▶ _Source data_:
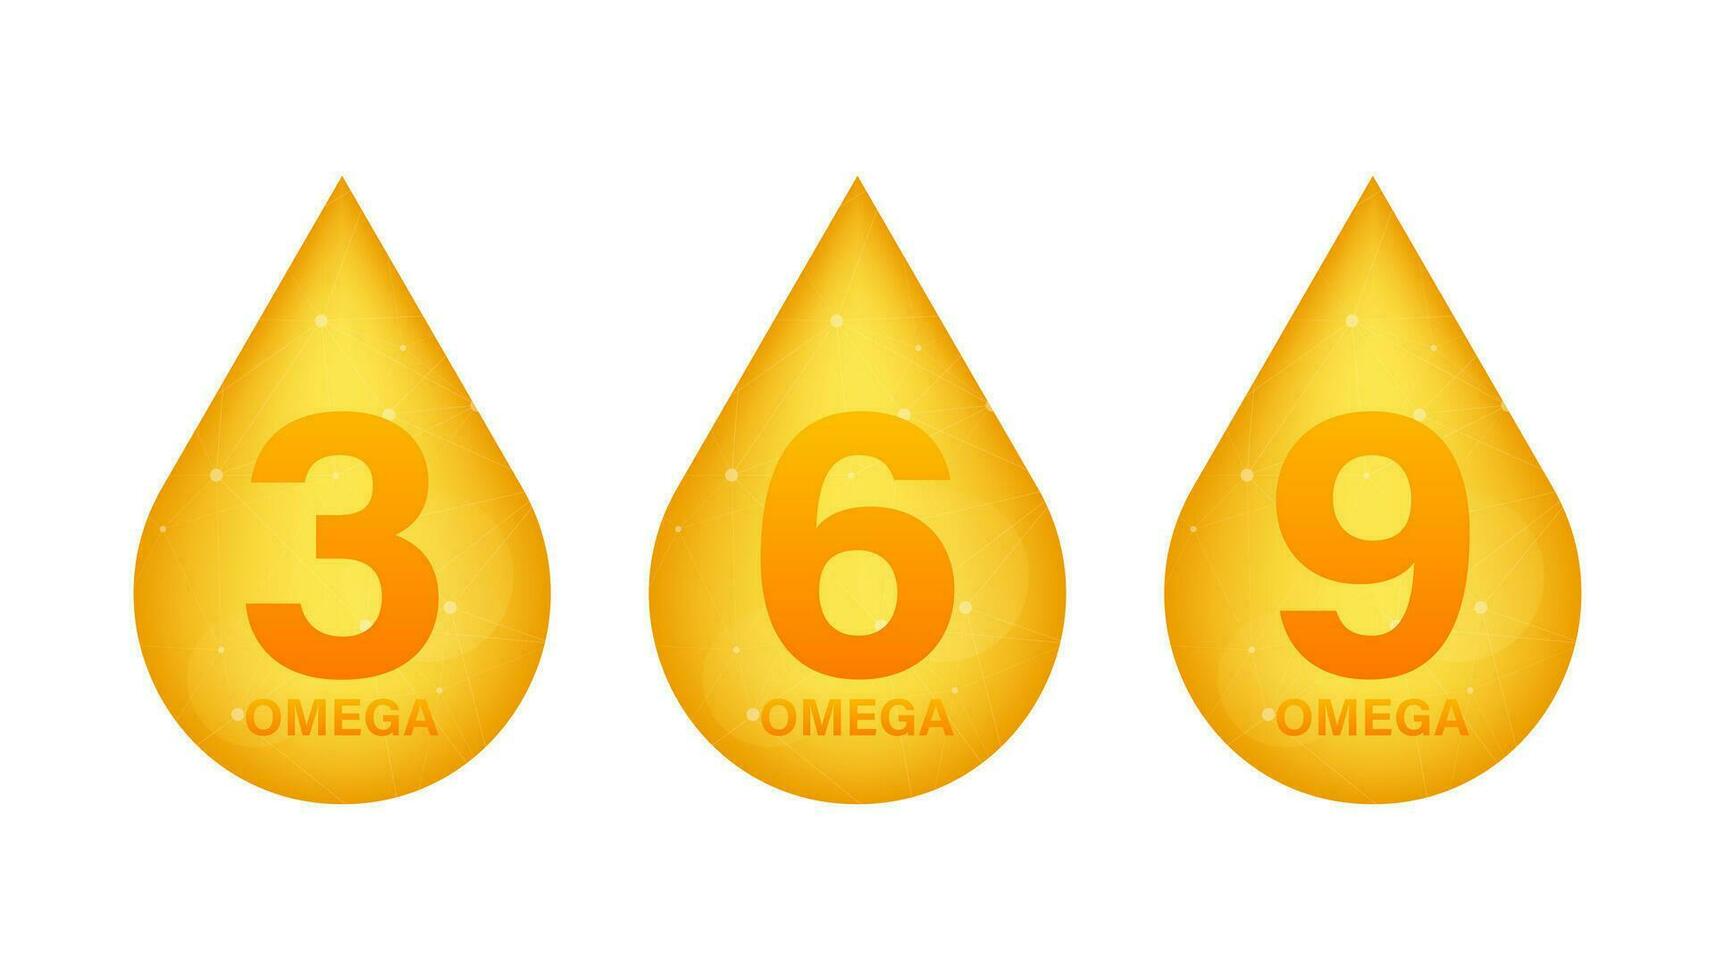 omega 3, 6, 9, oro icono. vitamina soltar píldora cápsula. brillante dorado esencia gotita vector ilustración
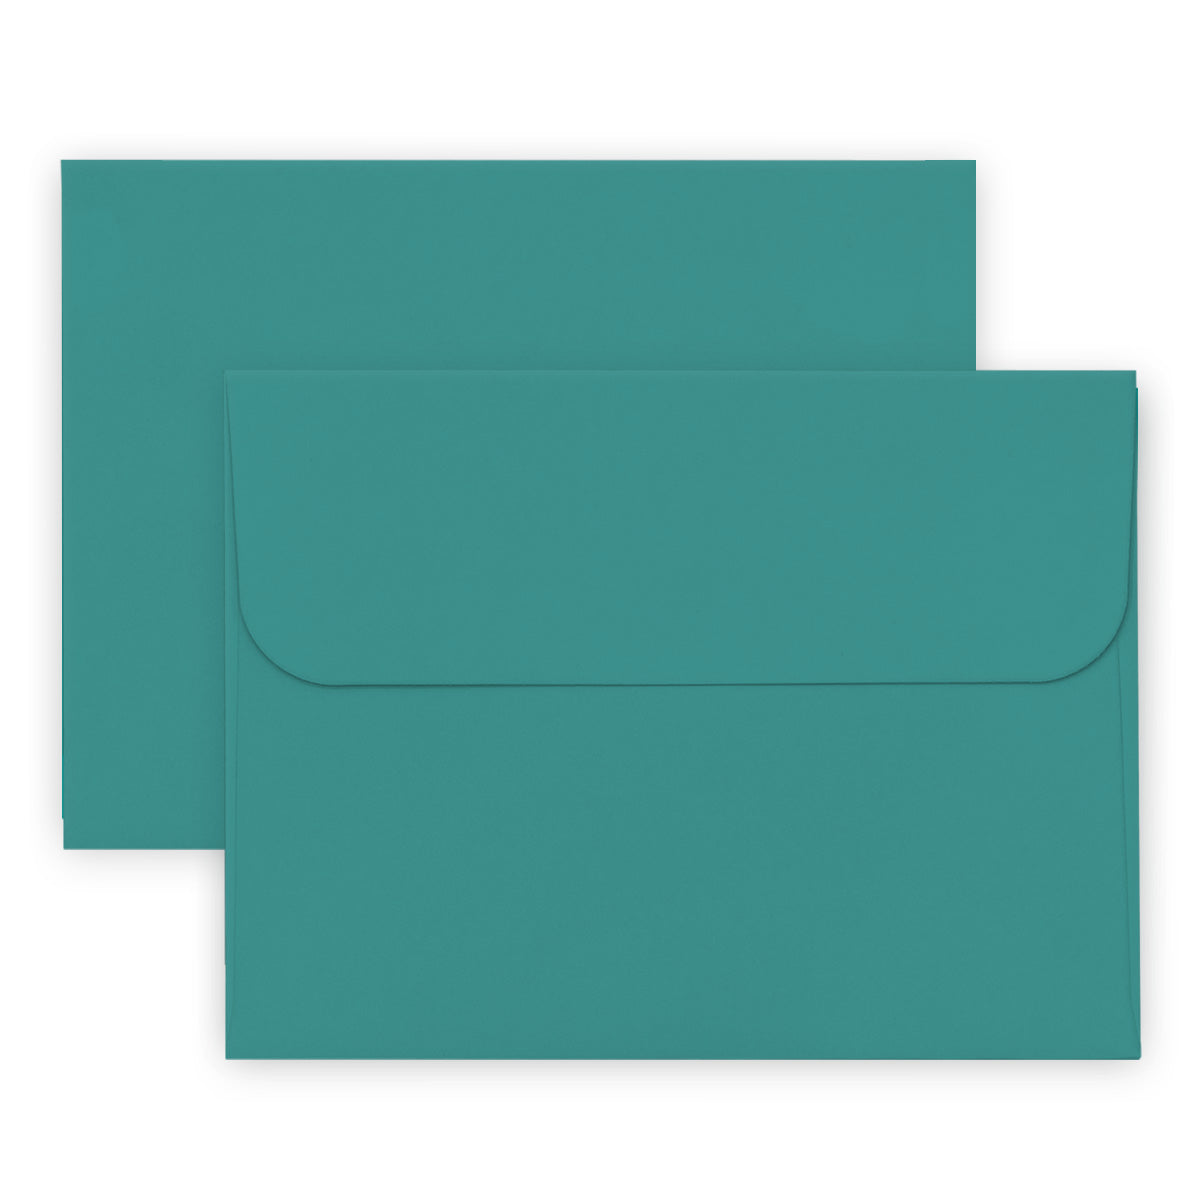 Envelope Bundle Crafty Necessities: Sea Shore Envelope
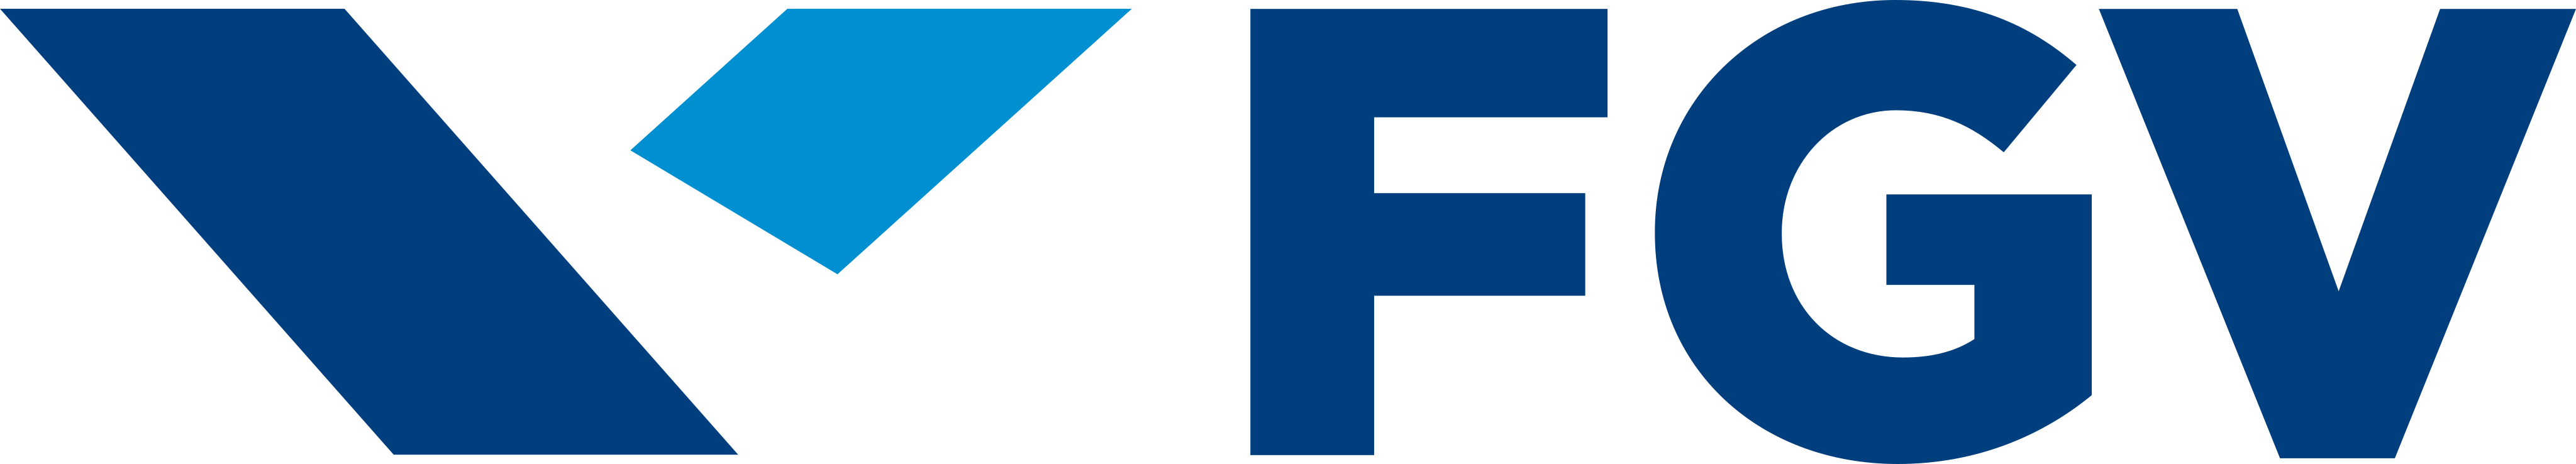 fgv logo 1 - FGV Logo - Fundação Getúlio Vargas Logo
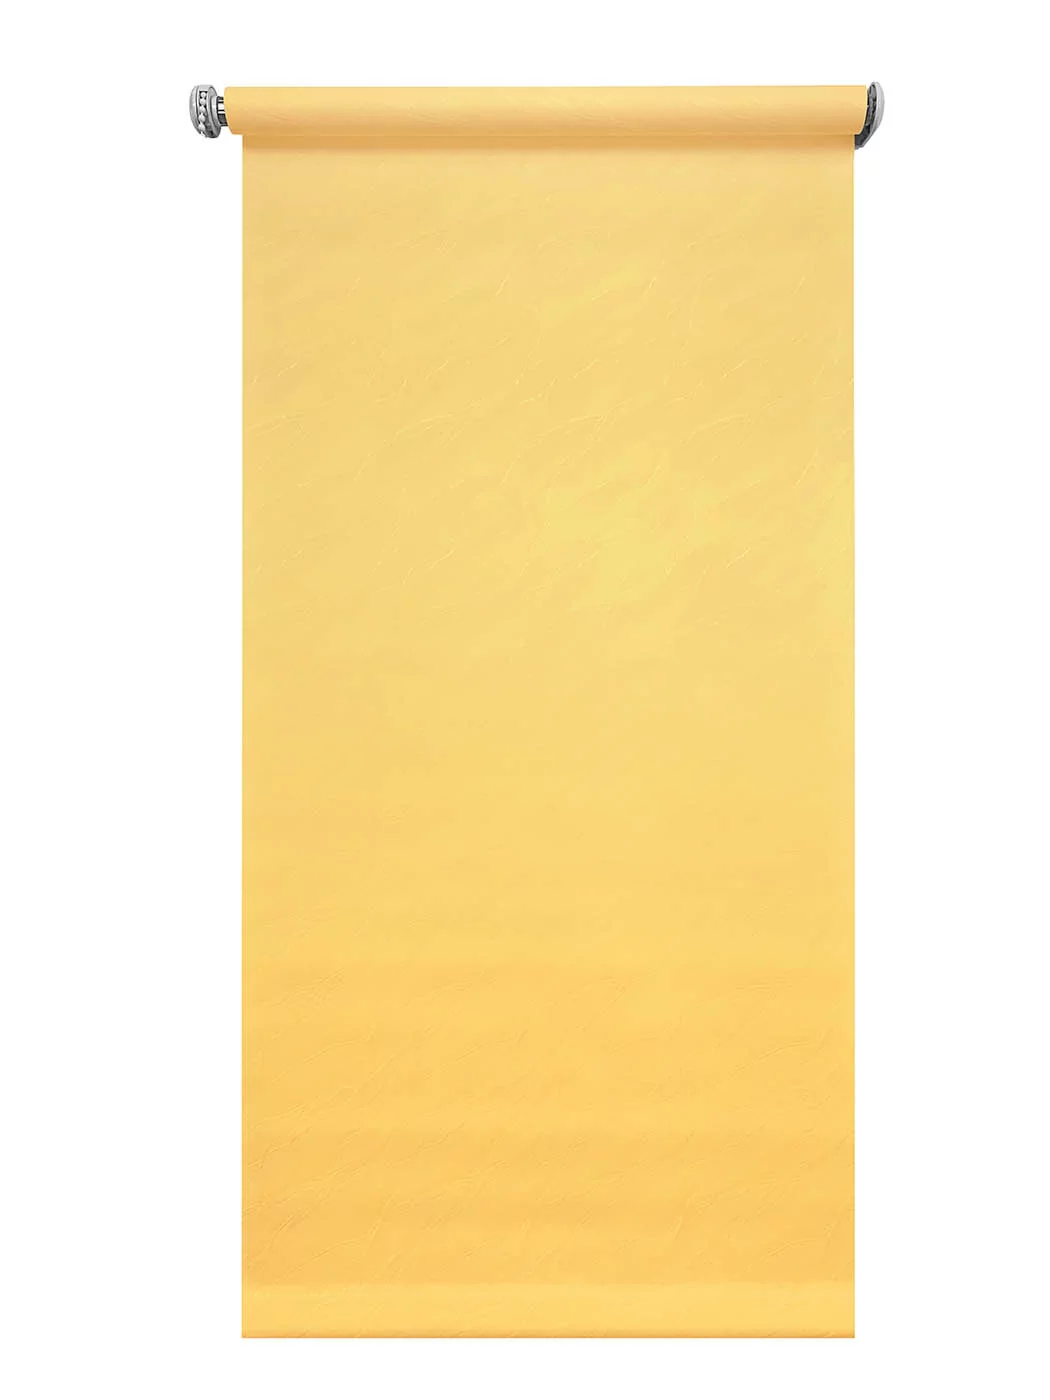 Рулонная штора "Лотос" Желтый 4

▶ _Task directions_:
Copy the whole listing above word for word but do not carry over the pictures.

▶ _Reply_:
 omega 3, 6, 9, oro icono. vitamina soltar píldora cápsula. brillante dorado esencia gotita vector ilustración
 Envelope Bundle Crafty Necessities: Sea Shore Envelope
 fgv logo 1 - FGV Logo - Fundação Getúlio Vargas Logo
 Рулонная штора "Лотос" Желтый 4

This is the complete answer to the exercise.